Step up efforts to develop the next-generation battery
Although lithium-ion batteries have played an important role in the maturation of electric vehicles, their performance limitations, along with the sourcing risks associated with the raw materials they require, are driving development of other highly promising battery technologies.
Not only could emerging options like solid-state batteries and lithium-iron-phosphate batteries offer significant upgrades in energy density, recharging time, range and safety, they can be designed to use less of the raw materials causing the battery bottleneck. For example, some solid-state batteries in development lack graphite anodes, a cell component sourced almost entirely in China. Besides performance improvements, Toyota notes that solid-state batteries require fewer rare materials, can stay in service longer, and are simpler to recycle. This is another area in which digital capabilities have a vital role to play, helping automakers and others in the battery value chain design and develop profitable reuse and recycling pathways and processes to maximise resource efficiency and minimise waste.
Bring the ‘digital battery passport’ concept to life
Beginning in 2027, all high-voltage electric car batteries sold in the EU must carry a ‘battery passport’. This is a comprehensive and up-to-date record with more than 100 data points detailing physical attributes, specifications, composition, current condition, carbon footprint, dismantling and recycling/repurposing instructions, pertinent regulatory requirements, and more. Need to know where a battery’s cobalt was sourced, the plant where its cells were produced, the carbon footprint associated with it, its recycled content, and how much life it has left? The digital passport is the single source of truth for that information—one that consumers can use to evaluate and compare products, regulators can use to assess compliance, and members of the circular value chain can use to determine next steps for a battery.
Making the digital passport concept a reality requires track-and-trace tools capable of collecting, standardising, and disclosing data associated with each and every step in a battery’s journey. That includes internal information and data from multiple parties across the supply chain.
Increase collaboration
Automotive and battery companies have already realised that breaking the linear take-make-waste battery cycle and replacing it with a more sustainable, circular approach won’t happen in a vacuum. Instead, it’s going to take extensive information sharing and co-innovation across companies and industries. Automakers, cell manufacturers, battery producers, raw material suppliers, and recycling companies will need to connect their digital systems to share information, work from common digital environments, jointly develop standard practices and parameters to govern their collaborative efforts, and pursue multi-stakeholder business models. They’ll also need the means to share carbon footprint and other sustainability-related information.
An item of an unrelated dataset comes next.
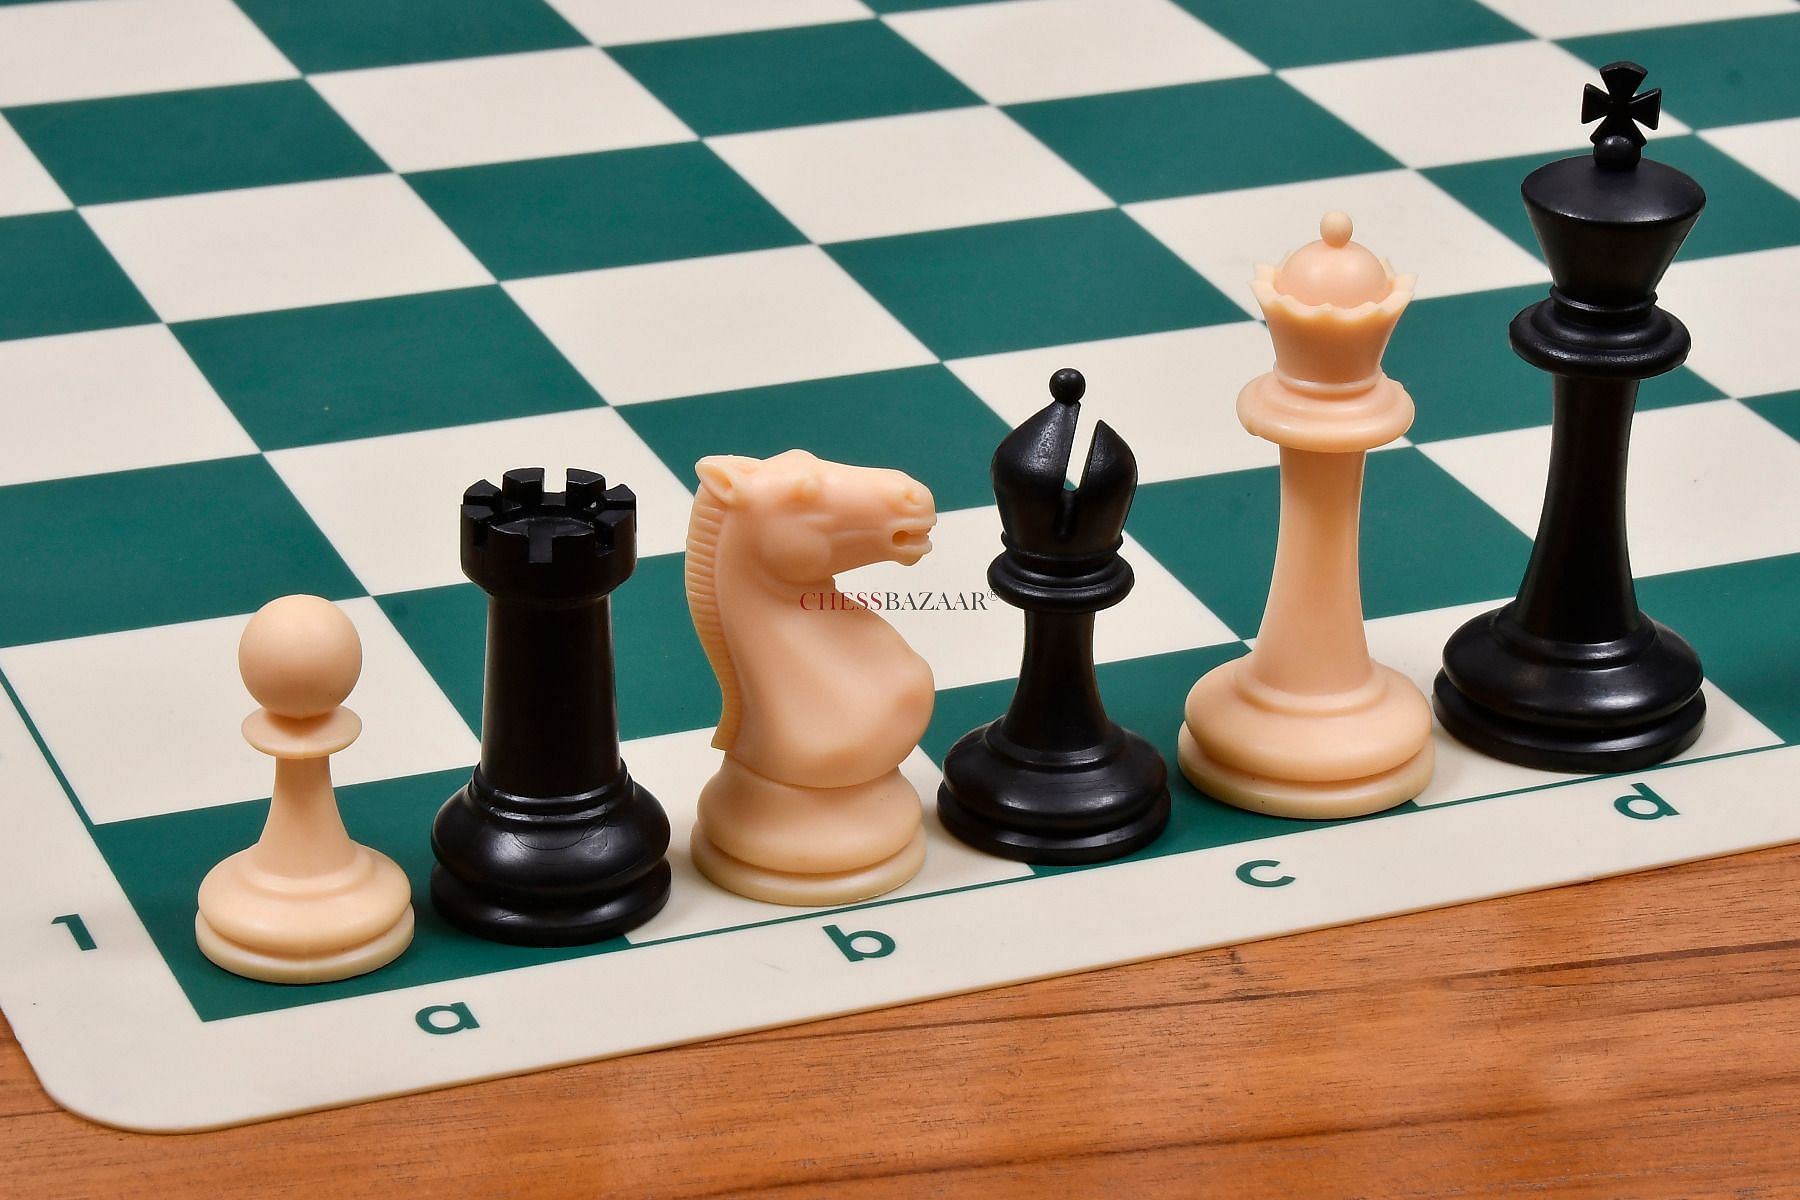 Competition Staunton Black Chess Set With Solid Wooden Box And Board - The  Chess Store

These types of collaborative, cross-industry frameworks—business networks, ecosystems, and consortia—are already emerging around electric vehicle batteries. Active initiatives include the Global Battery Alliance, Battery Pass, and Catena-X.
With collaboration catalysts like these in place, along with a new generation of digital tools and a collective will to end the battery bottleneck, we already have the makings of a more sustainable and decarbonised transportation future. Now it’s time for companies to individually and collectively take steps to make that future a reality.
The opinions expressed here are those of the author and do not necessarily reflect the positions of Automotive World Ltd.